By freezing $400 million in state funding already appropriated for education and services to some of Missouri’s most vulnerable residents, you once again are holding Missourians hostage in your political machinations to forestall the state’s first broad-based tax cut in nearly 100 years.

The Post-Dispatch’s July 1 editorial page paean ignored several important details, which undermine your justification for this outrage. As you know, the vast majority of cuts in the tax-cut bill would not affect state revenue until fiscal year 2015 and beyond. So why are you withholding 2014 funds, something the state constitution does not allow?

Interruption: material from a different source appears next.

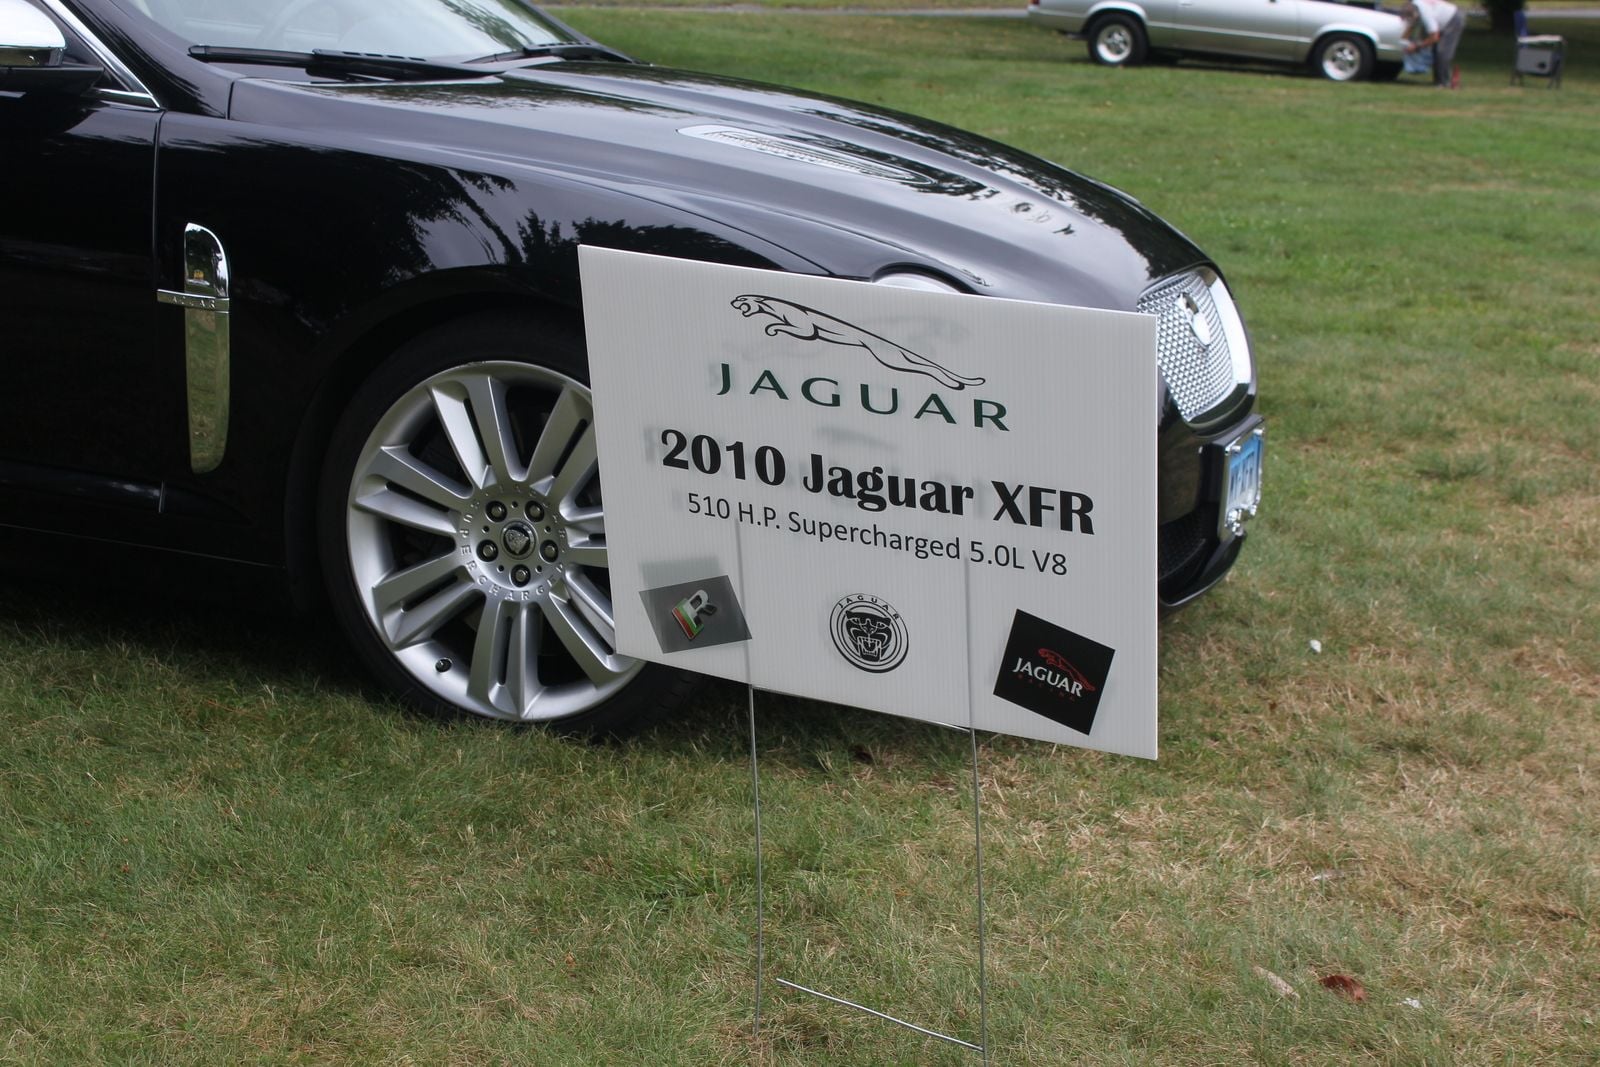 2010 Jaguar XFR - Gorgeous 2010 xfr f/s - Used - VIN SAJWA0JC5AMR59230 - 8 cyl - 2WD - Automatic - Sedan - Black - South Windsor, CT 06074, United States

Further, the tax cuts are conditional and take effect only if revenues increase by $100 million above the prior fiscal year. At the same time, the bill’s amnesty provision would actually bring in additional revenue in 2014. So why are you taking money out of classrooms and cutting funding to provide meals for homebound seniors while you’re sitting on a $350 million budget surplus this year with more coming in?

While your fan club at the Post-Dispatch editorial board marvels at your political gamesmanship, you should know there are real-life consequences to your actions.

Governor, your withhold is unconstitutional and a naked attempt to leverage lawmakers into shying away from an override of your veto of a tax cut that would put more money into the pocket of Missouri’s workforce. The money is there, governor, and this hopeful student – and others like him – are the victims of your ploy. While you play this dangerous game of checkers with the General Assembly, the state’s future hangs in the balance.